98. Lords Amendment 225 inserts a new schedule after schedule 4. This new schedule is almost identical to schedule 5 to the Bill as it left the Commons, with references to directly elected executives having been removed.
99. Lords Amendment 227 would provide for the minimum number of parish councillors for a parish council to be five. This would deal with uncertainty about the minimum number in relation to a common parish council.
100. Lords Amendments 228 would make a correction so that reference is made as intended to the order-making provisions contained in Part 1 of the Bill.
101. Lords Amendment 229 to schedule 6 would insert a reference to Part 1 of the Bill. The amendment recognises that provision about the warding of parishes and the number of parish councillors for a parish may also be made under that Part.
Lords Amendments 230 to 236 and 247 to 251
102. Lords Amendments 230 to 236 and 247 to 251 would add consequential amendments to schedule 13 and repeals to schedule 18. These are amendments of, and repeals relating to, provisions inserted or amended by the Regulatory Reform (Collaboration etc. between Ombudsmen) Order 2007 (S.I. 2007/1889).
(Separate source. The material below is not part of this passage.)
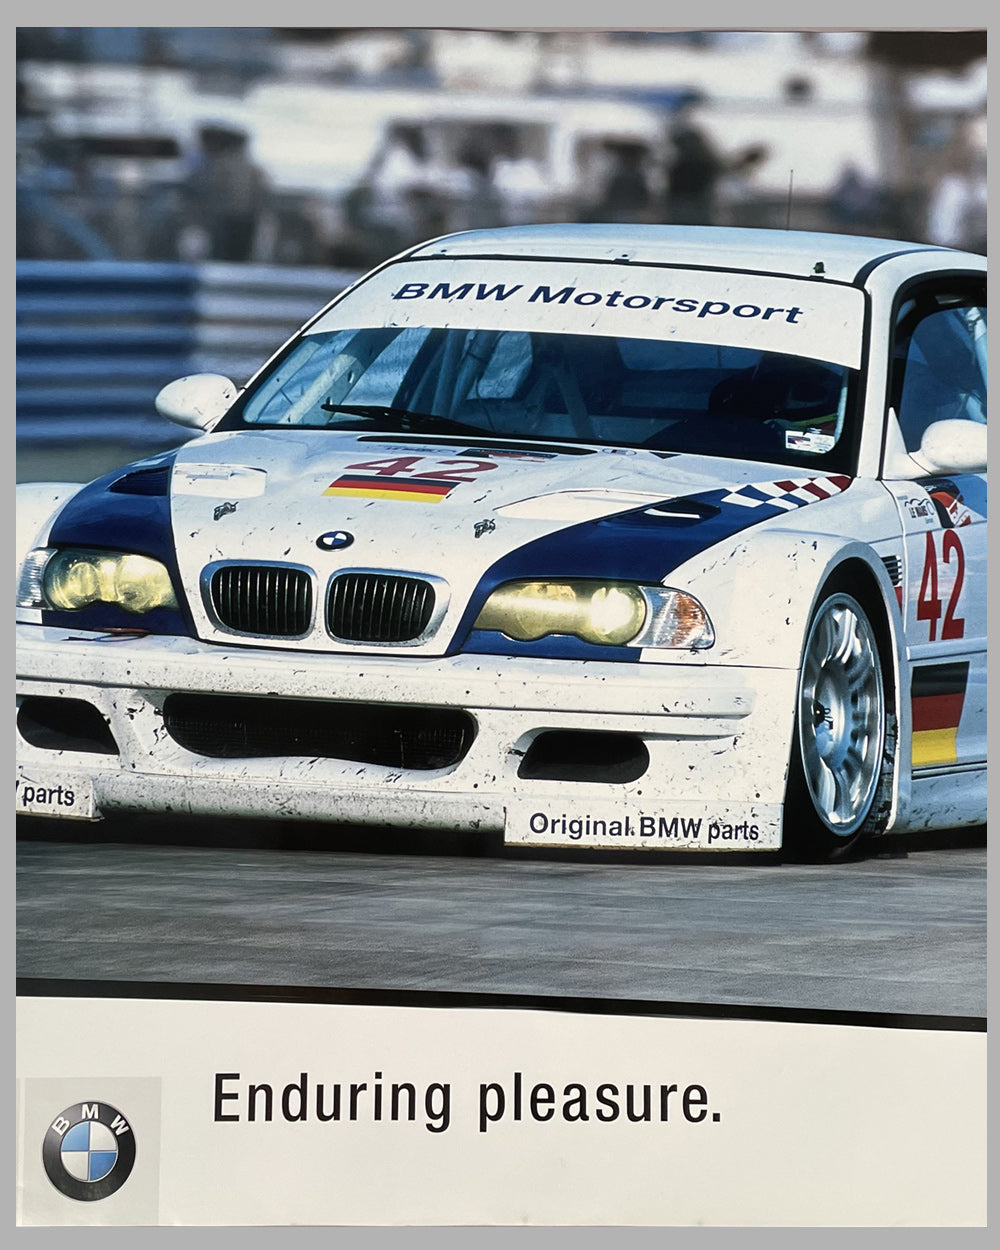 BMW Motorsport original factory poster for the ALMS series

That Order facilitates joint working arrangements between the Parliamentary Commissioner for Administration (who is appointed under the Parliamentary Commissioner Act 1967), the Health Commissioner for England (who is appointed under the Health Service Commissioners Act 1993) and Local Commissioners of the Commission for Local Administration.
103. Lords Amendments 238 to 251 would insert into schedule 18 ('the repeals schedule') words to be omitted in primary legislation and provisions to be revoked in secondary legislation.